The researchers say they identified several factors behind the anti-tumor effects of exercise. These anti-cancer effects are linked to the release of adrenaline (also called epinephrine), a hormone that is central to the "fight-or-flight" response. Adrenaline production is known to be stimulated by exercise. The researchers say that, the production of adrenaline results in a mobilization of immune cells, specifically one type of immune cell called a Natural Killer (NK) cell, to patrol the body. These NK cells are recruited to the site of the tumor by the protein IL-6, secreted by active muscles. The NK cells can then infiltrate the tumor, slowing or completely preventing its growth. Importantly, the researchers note that injecting the mice with either adrenaline or IL-6 without the exercise proved insufficient to inhibit cancer development, underlining the importance of the effects derived only from regular exercise in the mice.
In a prospective observational study consisting of 19,815 adults ages 45 to 50, (79 percent men, 90 percent Caucasian) researchers measured participants' heart and lung exercise capacity and categorized them as having either a high, middle or low level of fitness.

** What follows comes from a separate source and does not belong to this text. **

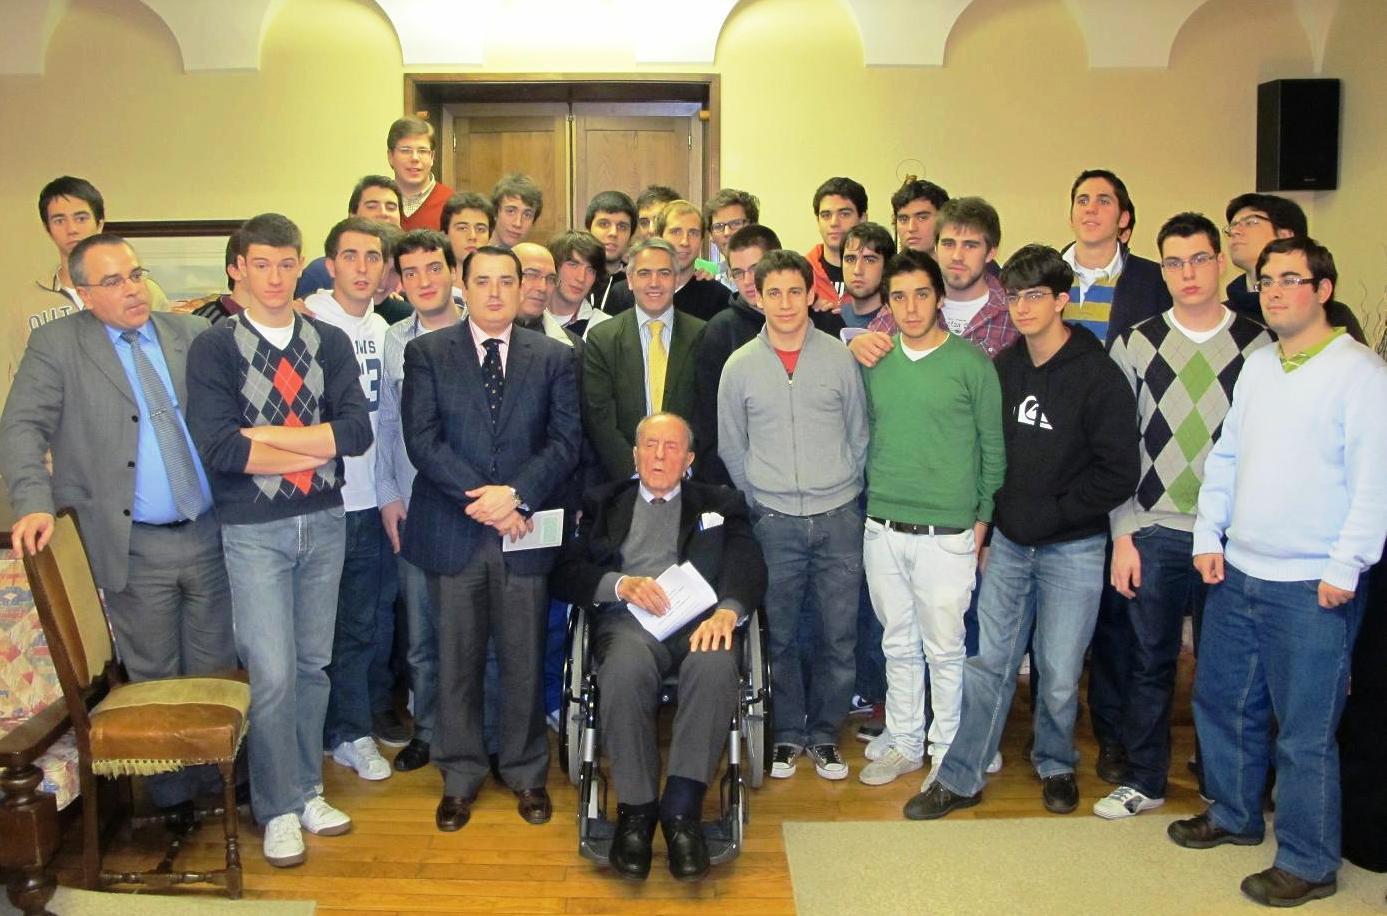 Universitario solidarios organizan un festival de teatro en la Escuela Infantil del Hospital Clínico Universitario de Santiago de Compostela

The study found that those with the highest level of fitness had a 37 percent lower risk of stroke after age 65, compared to their counterparts with the lowest level of fitness. This inverse relationship between fitness and stroke risks existed even after researchers considered stroke risk factors: high blood pressure, type 2 diabetes and atrial fibrillation. The study reinforces the benefits of being physically fit throughout life. "Low fitness is generally ignored as an actual risk factor in clinical practice. Our research suggests that low fitness in midlife is an additional risk to target and help prevent stroke later in life."